At CAA he was famous for being brutally honest with his clients. He reportedly once told Robert Redford he ‘looked like s***’ on the set of Indecent Proposal, and sent the star home to sleep for three days. ‘He tells me when I look good, when I don’t look good, when he likes what I’m wearing, when he doesn’t like it,’ she says. ‘So when he says I look good I can trust his opinion.’
Michael has also been a huge boon in starting the new business, after the bankruptcy (or ‘reorg’ as she calls it) of the previous incarnation of Tamara Mellon. ‘He’d just say, “No big deal”,’ she says. ‘He mentors a lot of tech guys, and he told me, “The tech world loves failure, because you learn so much.”
But long before she landed in California or began dating Michael, Tamara seemed to have an innate resilience and a fighting spirit. Where does that self-belief come from, I ask? ‘Absolutely from my dad, because he never treated me any differently to my brothers. He instilled in me that attitude of picking yourself up and carrying on.’
Her late father, Tom Yeardye, was a stunt double for Rock Hudson before co-founding the Vidal Sassoon hair-product empire. When Tamara was nine, his job took the family from London to LA for seven years. ‘I drive past my old home every day – it feels like I’ve come full circle.’
While she was close to her dad, Tamara’s relationship with her mother, former model Ann Yeardye, was strained, as she details in her 2013 memoir In My Shoes. They are, she tells me, still estranged. ‘That reconciliation is probably not going to happen,’ she says equably. But that relationship has informed her own choices as a mother. ‘I wanted Minty to feel loved, supported, nurtured, to feel I had her back no matter what, and feel safe with me. I never felt safe growing up,’ she says. ‘There was always a drama, a crisis. You never felt on safe ground around her.’

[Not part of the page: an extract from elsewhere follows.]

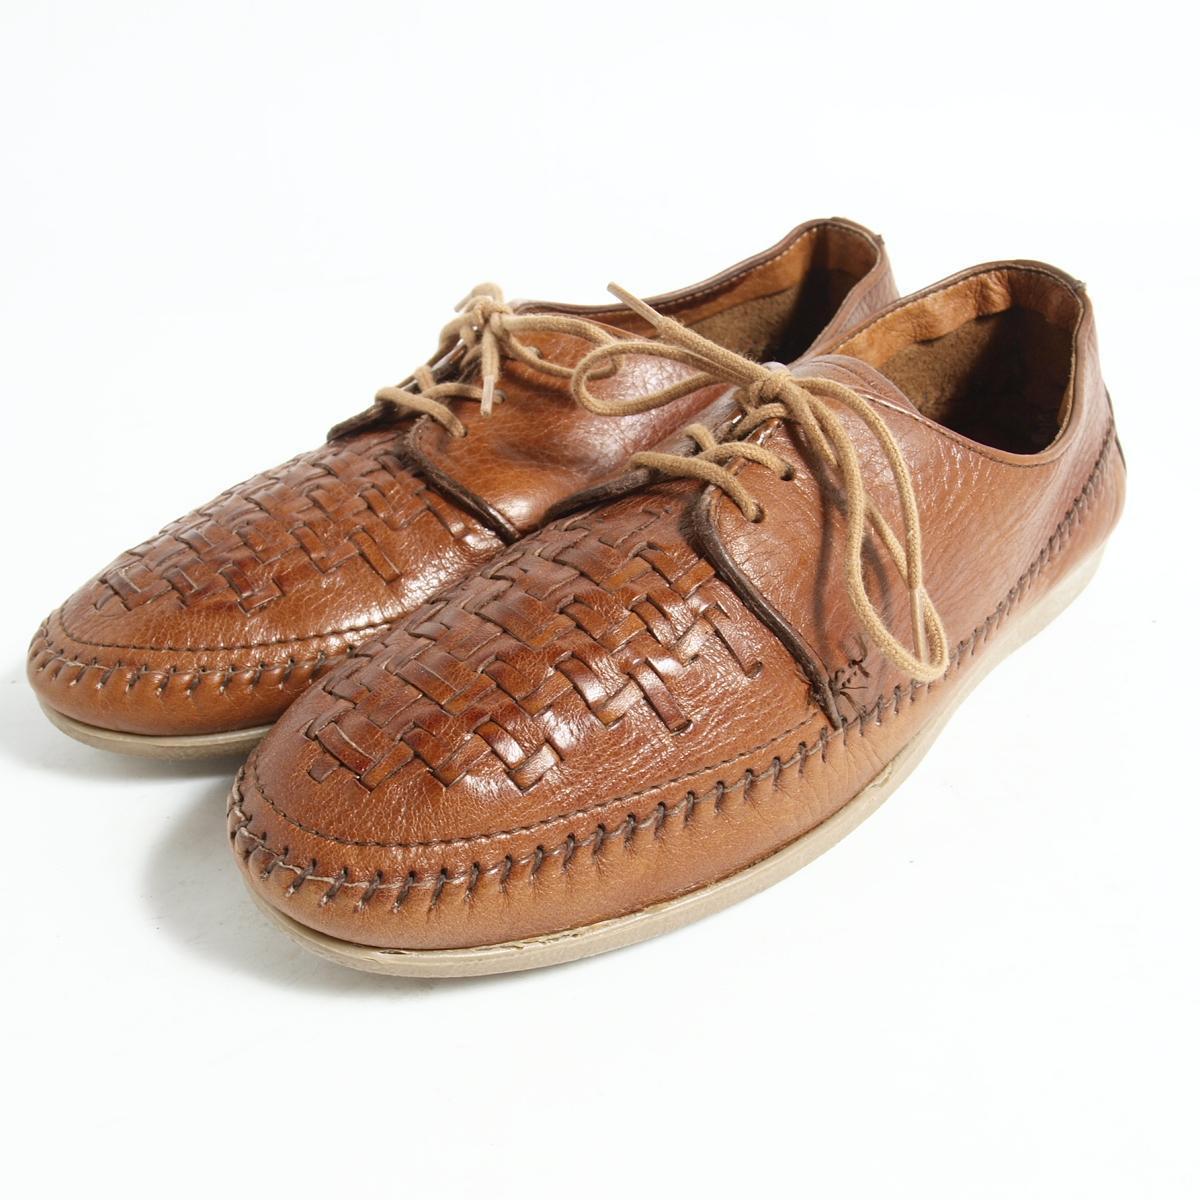 Dexter Womens Dress Shoes

Out in the airy, open-plan office, there’s the quiet thrum of industry among the 30 employees, all but two of whom are female. ‘The guys are very good sports about it,’ Tamara laughs. She deliberately sought out a female CEO, and actively seeks to put women in leadership positions. ‘We’re not anti-men,’ she says. ‘But my team are less afraid to do things because they’re women and can relate to the customer.’ On Valentine’s Day last year, they ran a campaign with the slogan, ‘Be your own damn Valentine,’ and sent vibrators out with every order of shoes. ‘I’m sure that if I had a male CEO he’d have said, “Ooh, maybe not,” but this team totally got it.
Tamara, it is clear, still has the fierce tenacity that made Jimmy Choo the soaraway success it was before she hit 30. ‘The game plan is to build a big luxury brand like I did before,’ she says. ‘Whether it’s bags or fragrance or sunglasses, we’re definitely going to go into other products. And we’re definitely going to roll out more retail stores.
It seems as if she’s in her second act, I suggest. ‘Yes,’ she agrees. ‘I feel as though I’m really hitting my stride now – with the business and with everything – and it feels great.’